Animal Testing Cosmetics and Toiletries Term Paper

Excerpt from Term Paper :

Animal Testing: Cosmetics and Toiletries

Animal testing is the use of non-human animals in a variety of experiments (Wikipedia, 2005)

Many experiments aim to test certain substances to determine their effect on humans, or to test medical or psychological hypotheses. Animal testing is a very controversial and well-researched topic. Proponents and opponents constantly argue over both ethical concerns and the effectiveness of the practice of using animals for scientific research.

The term "vivisection" is now used as a blanket term for all animal experiments, although it originally only referred to those that involved cutting the animals (Wikipedia, 2005)

Many dictionaries and encyclopedias now use the term "vivisection" to describe any type of animal experiment that causes suffering, whether it involves cutting or not, although those animal experimentors dislike this trend as they feel that "vivisection" is a term that spurs emotion (Croce, 1991).

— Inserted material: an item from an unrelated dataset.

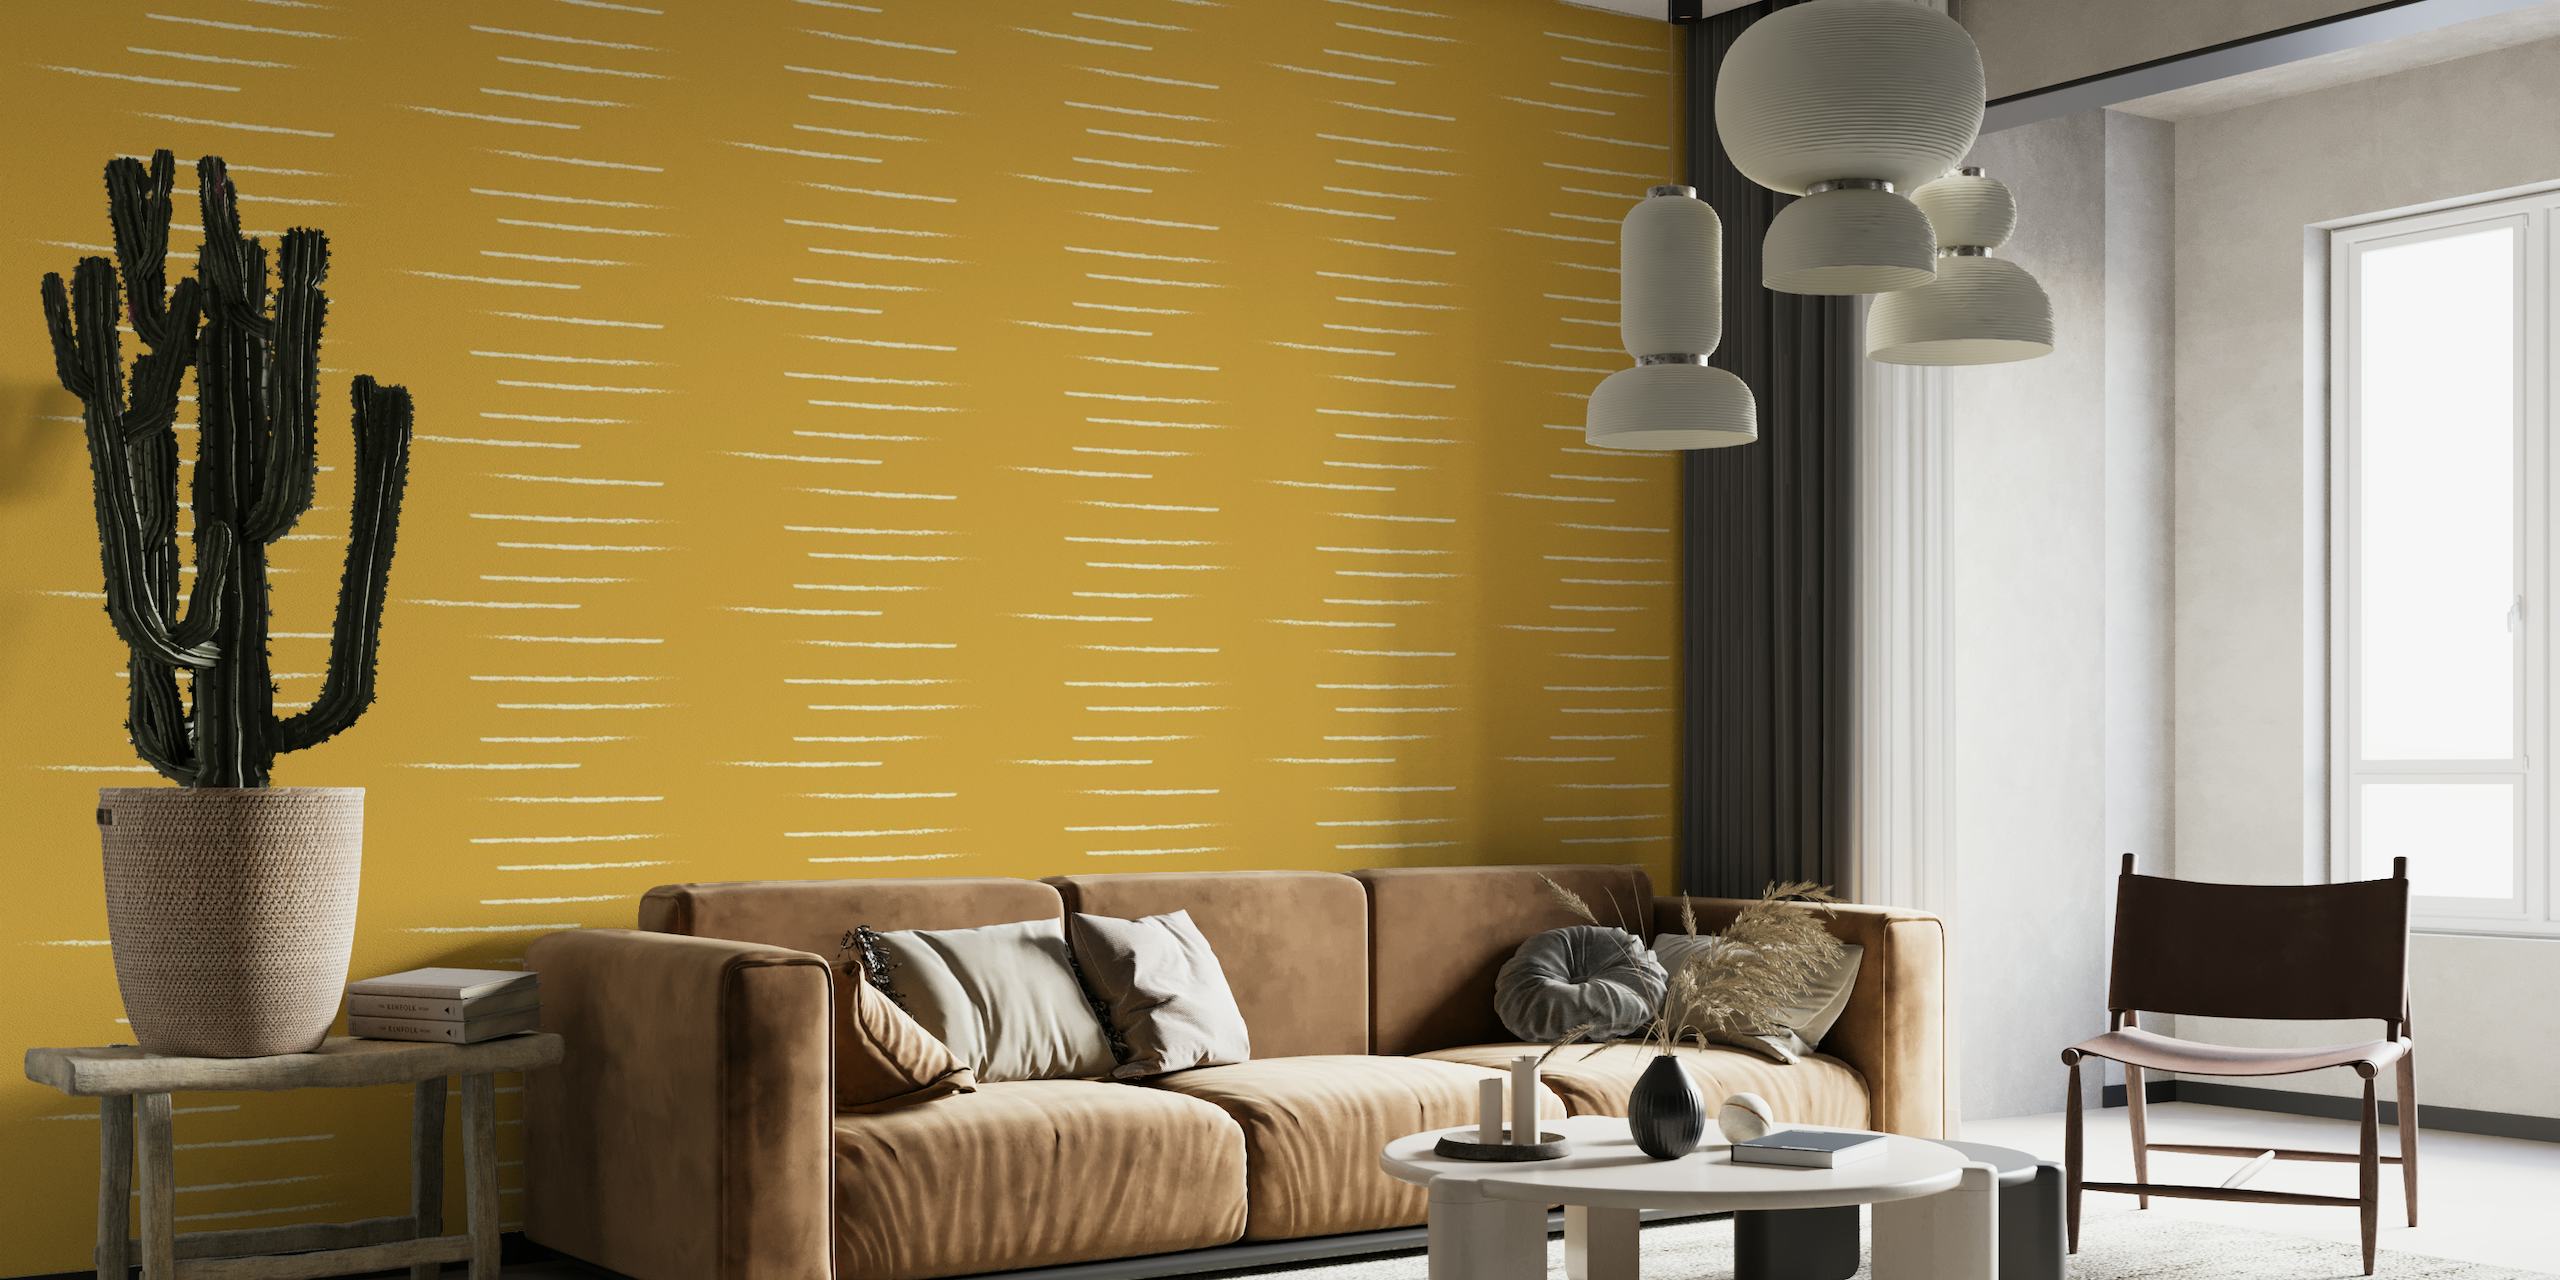 Fotomural de rayas horizontales en tonos beige mostaza reflejando un estilo cálido y minimalista

For many years, people have debated on the topic of animal testing and the moral implications involved with this procedure (Wikipedia, 2005). Some argue that the perceived benefits to humans is outweighed by the moral issues. Research advocates in the pharmaceutical and cosmetic industries argue that humans in some parts of the world maintain a better standard of living, in terms of their health and well-being, due to advances in health and manufacturing knowledge derived from animal testing. Opponents of animal testing argue that that testing, especially testing for non-medical substances, is excessive and unnecessary, causing a great loss of animal life and inflicting suffering for the diminished pursuit of producing non-vital, socially irrelevant products, like perfumes, cosmetics, and toiletries.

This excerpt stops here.